Here is the layout of the BIST register:

• BIST Capable - Will return 1 the device supports BIST.
• Start BIST - When set to 1 the BIST is invoked. This bit is reset when BIST completes. If BIST does not complete after 2 seconds the device should be failed by system software.
• Completion Code - Will return 0, after BIST execution, if the test completed successfully.
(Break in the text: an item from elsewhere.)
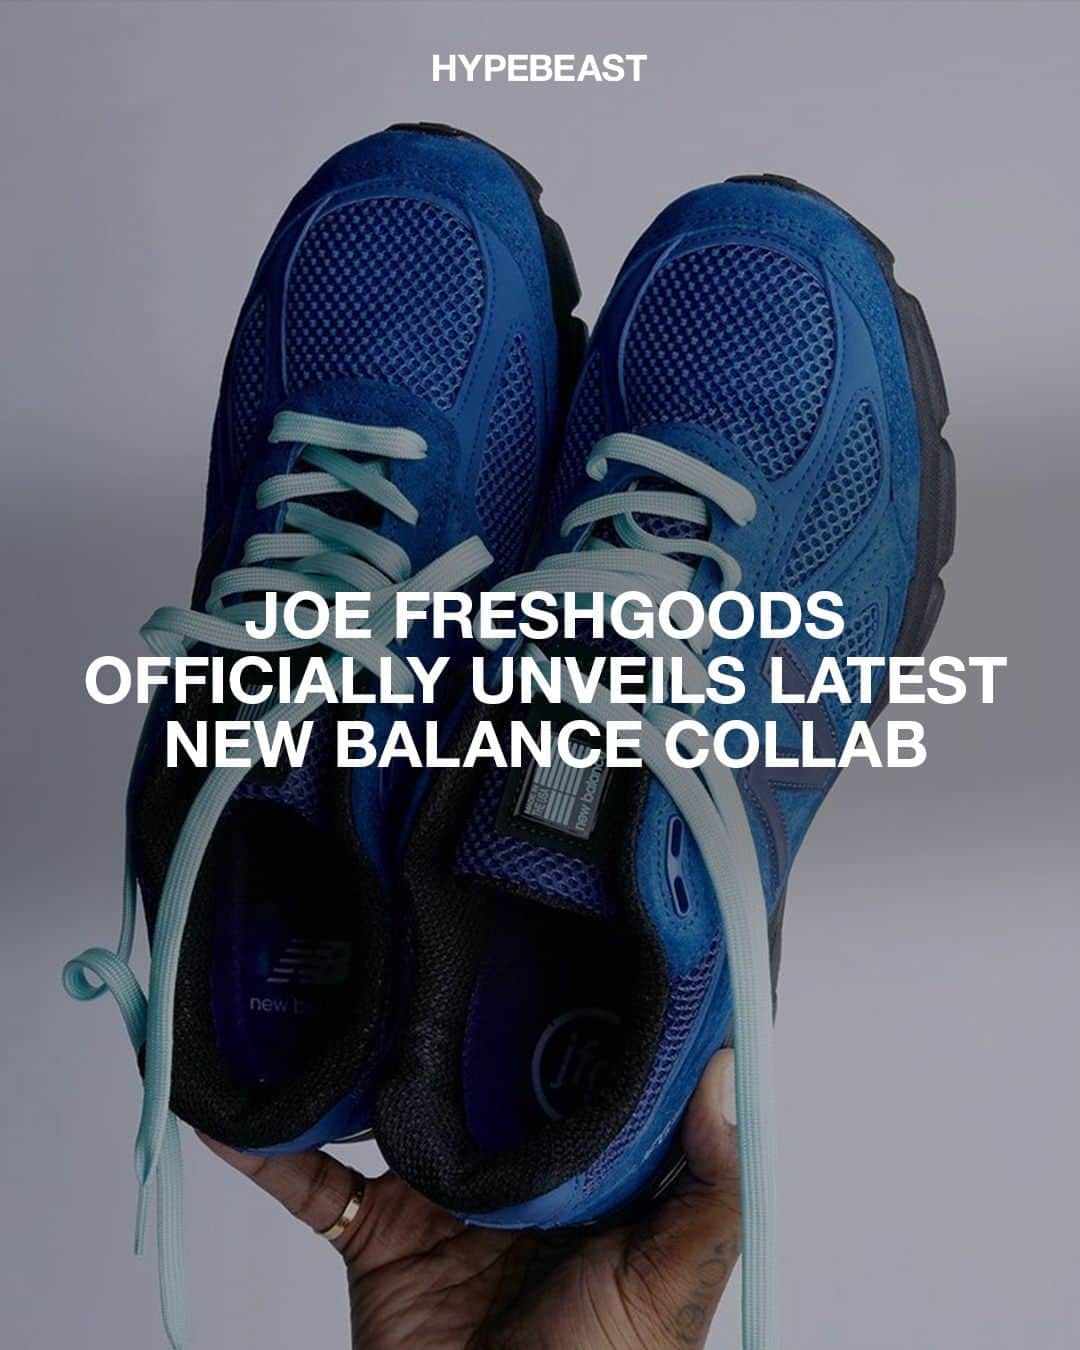 HYPEBEASTのインスタグラム：「@joefreshgoods has officially unveiled his next @newbalance project arriving in the form of three 990v4s inspired by Hype Williams' film "Belly."⁠ ⁠ The three sneakers in the pack are appropriately named "OUTRO" (Black), "INTRO" (White), and "KEISHA BLUE" [aying homage to the 1998 film. Other details include the year hit found at the heel paired with "JFG" branding on the lateral side. ⁠ ⁠ The last slide showcases campaign imagery inspired by an 'XXL' cover from June 1999 which featured Jay Z, DMX, and Ja Rule. The sneakers will be accompanied by apparel to bring together the overall collection.⁠ Photo: Joe Freshgoods」

Header Type 0x02 (PCI-to-CardBus bridge)

This table is applicable if the Header Type is 02h (PCI-to-CardBus bridge)

Command Register

Here is the layout of the Command register:

• Interrupt Disable - If set to 1 the assertion of the devices INTx# signal is disabled; otherwise, assertion of the signal is enabled.
• Fast Back-Back Enable - If set to 1 indicates a device is allowed to generate fast back-to-back transactions; otherwise, fast back-to-back transactions are only allowed to the same agent.
• SERR# Enable - If set to 1 the SERR# driver is enabled; otherwise, the driver is disabled.
• Bit 7 - As of revision 3.0 of the PCI local bus specification this bit is hardwired to 0. In earlier versions of the specification this bit was used by devices and may have been hardwired to 0, 1, or implemented as a read/write bit.
• Parity Error Response - If set to 1 the device will take its normal action when a parity error is detected; otherwise, when an error is detected, the device will set bit 15 of the Status register (Detected Parity Error Status Bit), but will not assert the PERR# (Parity Error) pin and will continue operation as normal.
• VGA Palette Snoop - If set to 1 the device does not respond to palette register writes and will snoop the data; otherwise, the device will trate palette write accesses like all other accesses.
• Memory Write and Invalidate Enable - If set to 1 the device can generate the Memory Write and Invalidate command; otherwise, the Memory Write command must be used.
• Special Cycles - If set to 1 the device can monitor Special Cycle operations; otherwise, the device will ignore them.
• Bus Master - If set to 1 the device can behave as a bus master; otherwise, the device can not generate PCI accesses.
• Memory Space - If set to 1 the device can respond to Memory Space accesses; otherwise, the device's response is disabled.
• I/O Space - If set to 1 the device can respond to I/O Space accesses; otherwise, the device's response is disabled.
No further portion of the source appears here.